Imagine you are a journalist. You learn that a piece of real estate in central Hong Kong, occupied by the Chinese People's Liberation Army, is about to be sold to the local government so it can be developed as an office complex. Your information comes from an "unauthorized" source. But you publish it anyway. Under Article 23, you have committed a crime -- publishing secret state information -- and are liable to a prison term of five years.

Or imagine this: In the sea between the Philippines and China, sits something called the Mischief Reef, part of the disputed Spratly Islands, which are claimed by both countries. Say China decides to seize the reef by military force and Hong Kong's large Filipino community takes to the streets, demanding that Manila strike back. Such a demonstration would amount to sedition. Foreigners in Hong Kong defending their country's sovereignty would be branded as traitors.

Quizzed about Article 23, Hong Kong Solicitor-General Robert Allcock admitted as much. "If someone stands up and incites people to fight against the People's Republic, that would be an offence."

On mainland China, subversion charges are routine. Recently, a Chinese AIDS activist released a report on health conditions in Henan province, where the disease is spreading rapidly as a result of a blood-transfusion scandal. The activist was accused of leaking state secrets and arrested. The message was clear: Subversion is anything the Party says it is. The "offence" in this case had less to do with a threat to the state than with the Party's stranglehold on information and its own sense of paramountcy.

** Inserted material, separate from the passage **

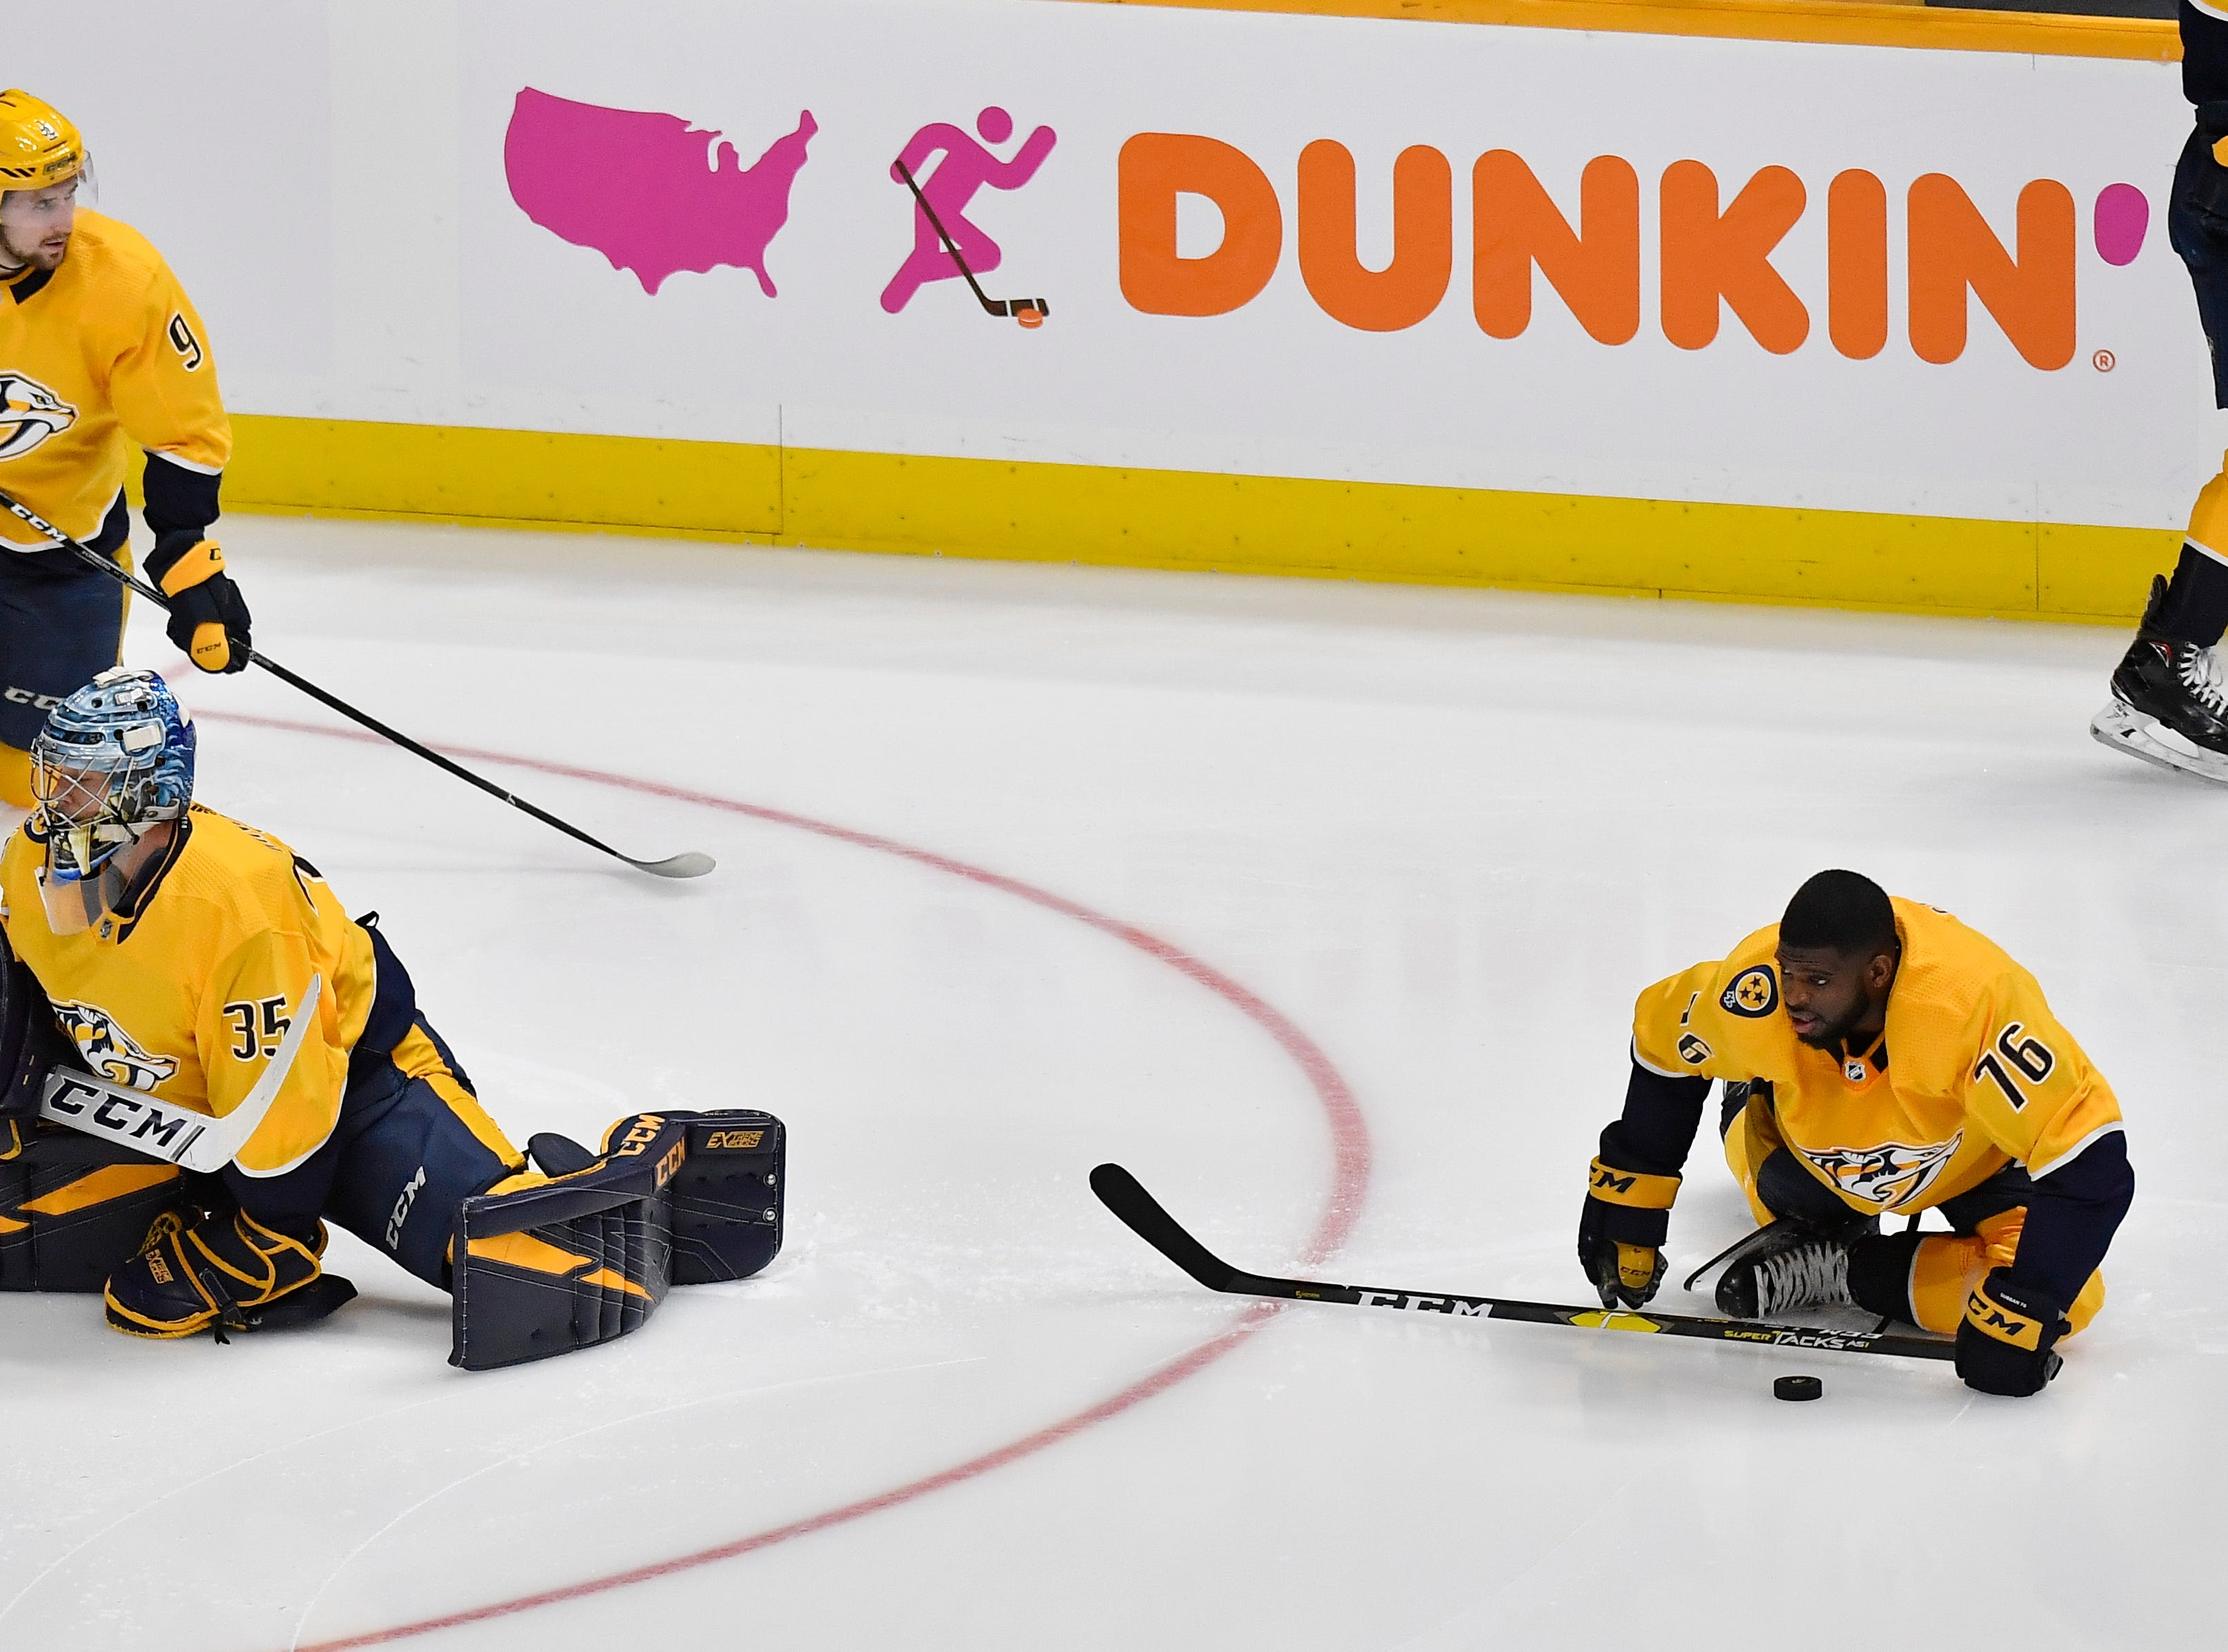 Nashville Predators goaltender Pekka Rinne (35) and defenseman P.K. Subban (76) warm up before the divisional semifinal game against the Dallas Stars at Bridgestone Arena in Nashville, Tenn., Wednesday, April 10, 2019.

Beijing's take on the Falun Gong movement is another illustration of how paranoia drives state policy. Because Falun Gong is able to organize large rallies to defy the government, and even infiltrate the occasional TV station to broadcast its message, the Beijing government has included it among "evil cults" intent on "splitting the nation, subverting national unity or ... overthrowing the socialist system." Never mind that the typical Falun Gong devotee is a little old lady practising deep breathing. Soon she will be an enemy of the state in Hong Kong as well.

Because the Hong Kong government is, for the most part, unelected and subservient to the mainland government, the "consultation" period for Article 23 is not expected to lead to any real changes. The government is even refusing to publish the actual wording of the proposed law.

This vagueness is a feature of Beijing's style of governance -- keep the masses guessing about exactly what is and is not legal. China scholar Perry Link calls this "the anaconda in the chandelier" strategy. The snake is China's central government.

As Link wrote last April in The New York Review of Books: "Normally the great snake doesn't move. It doesn't have to. It feels no need to be clear about its prohibitions. Its constant silent message is, 'You yourself decide,' after which, more often than not, everyone in its shadow makes his or her large and small adjustments -- all quite 'naturally'. " It's all part of what Link calls China's "psychological control system" -- designed to have the masses censor themselves. Now the snake has its eye on Hong Kong.